[[ Data, beginning ]]

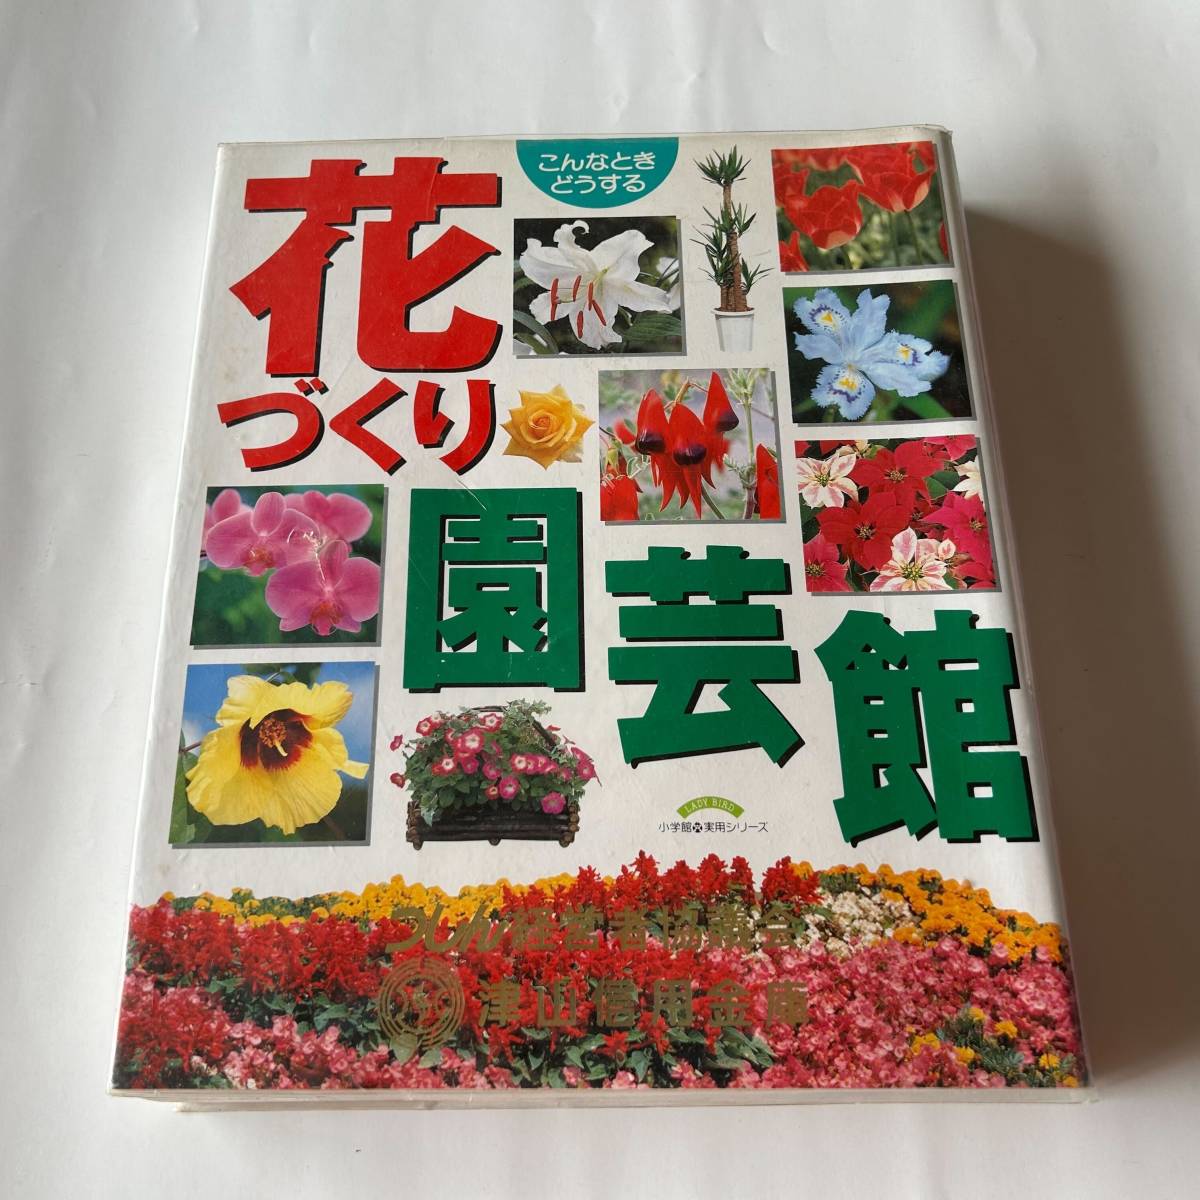  Shogakukan Inc. практическое использование Mucc такой время что делать цветок ... садоводство павильон 1998 год эпоха Heisei 10 год 2 месяц 20 день no. 6.
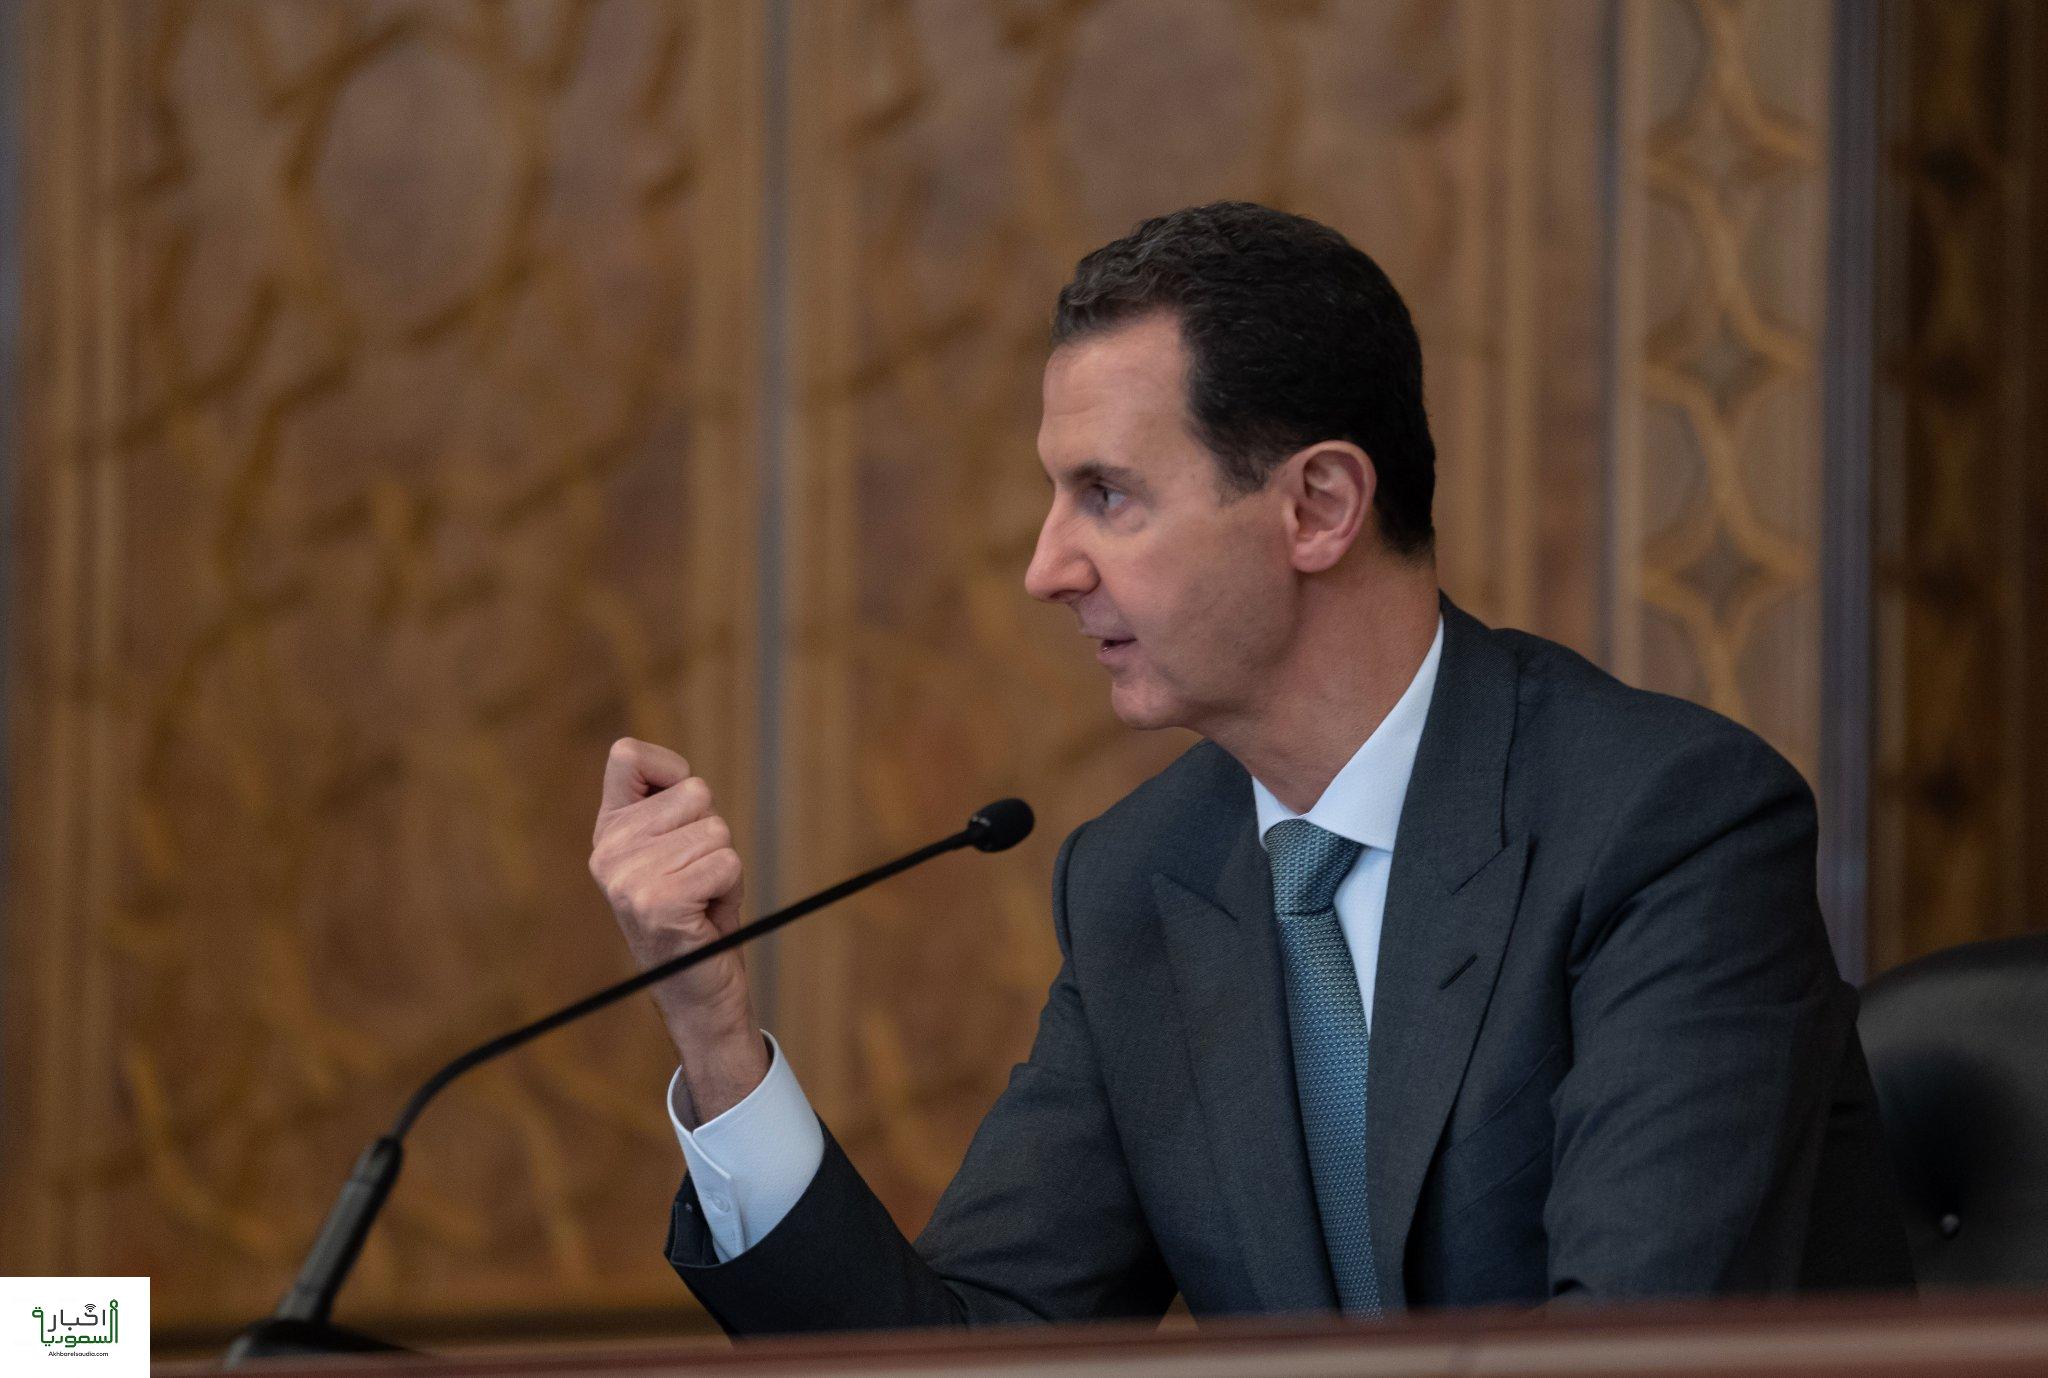 بشار الأسد: اللقاءات مع تركيا يجب أن تكون مبنية على إنهاء وجودها العسكري في البلاد
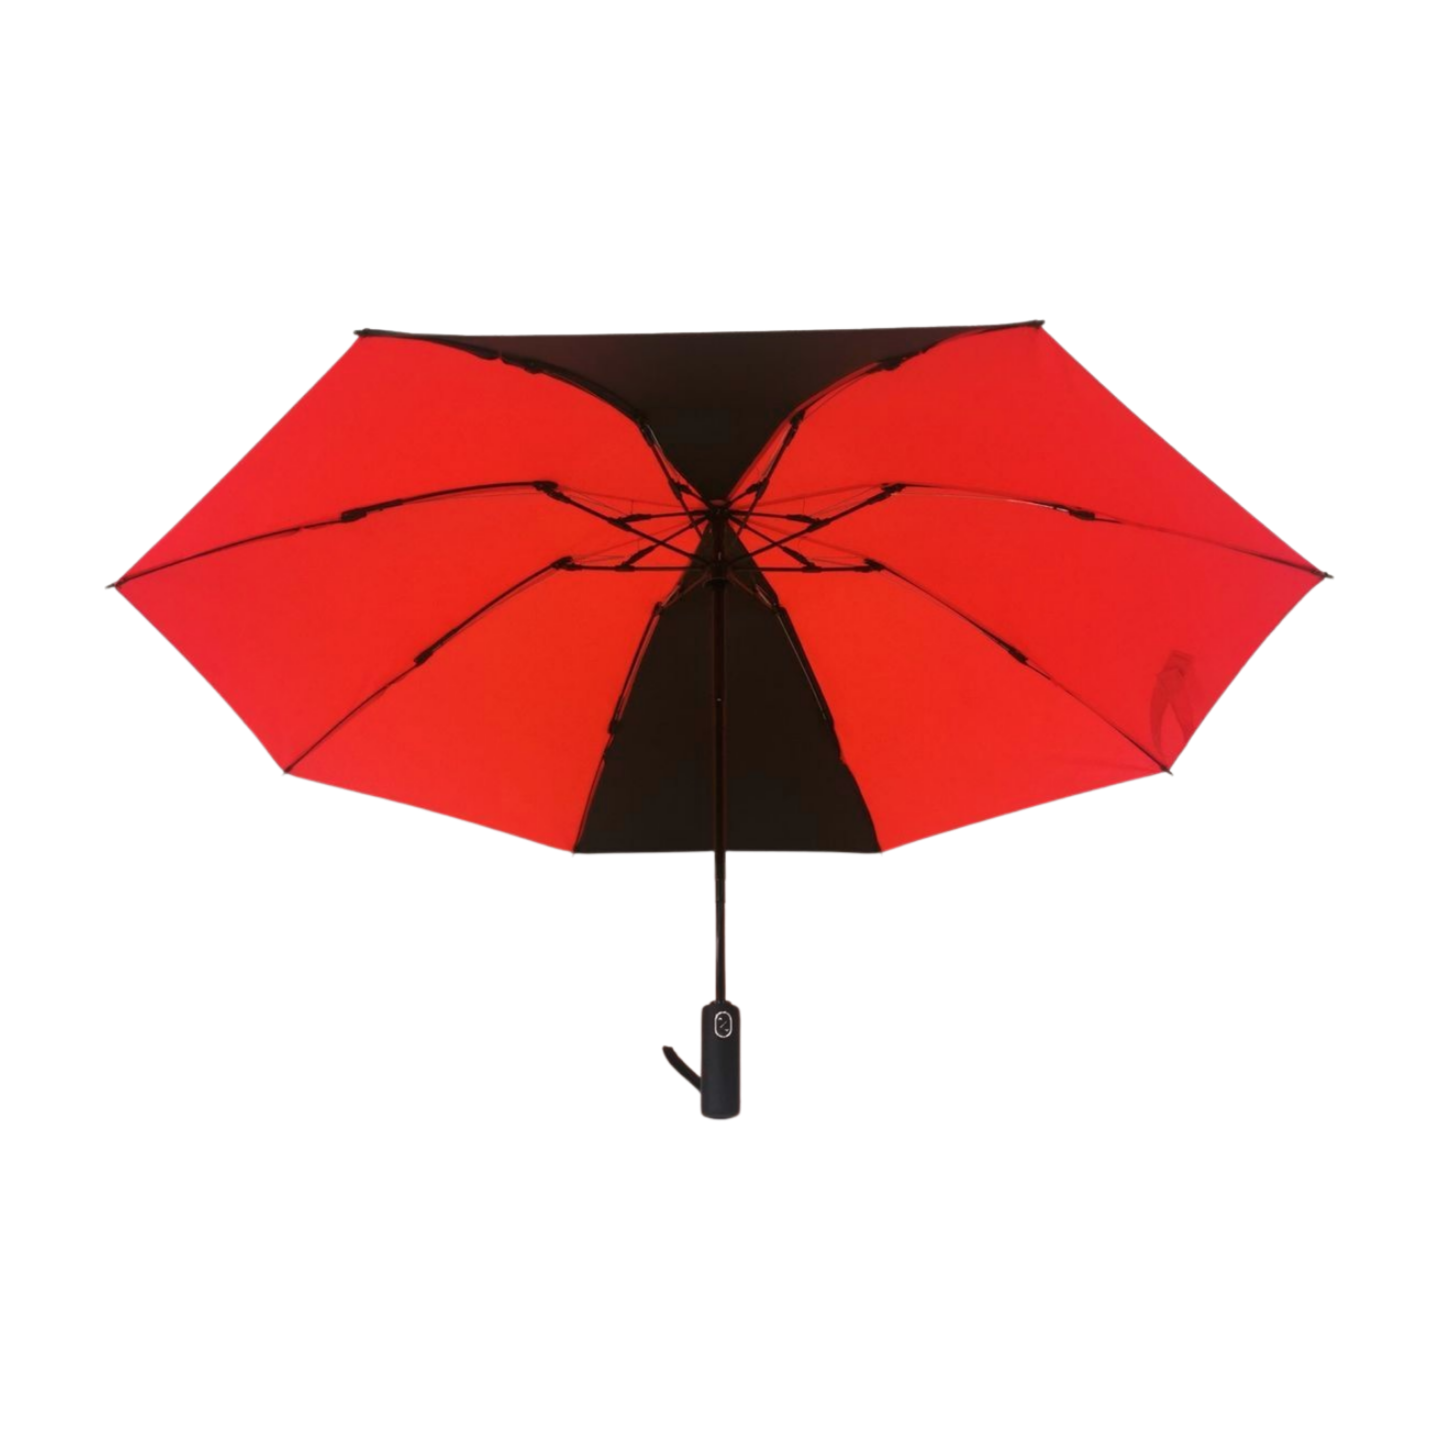 https://www.hodaumbrella.com/upgrade-fiberg…erted-umbrella-product/

[[ Data, end ]]

Repeat each line word for word, from the one with "بشار الأسد: اللقاءات" down to the last line of the data, and keep the pictures out of it.

#### Exercise output
 بشار الأسد: اللقاءات مع تركيا يجب أن تكون مبنية على إنهاء وجودها العسكري في البلاد
 https://www.hodaumbrella.com/upgrade-fiberg…erted-umbrella-product/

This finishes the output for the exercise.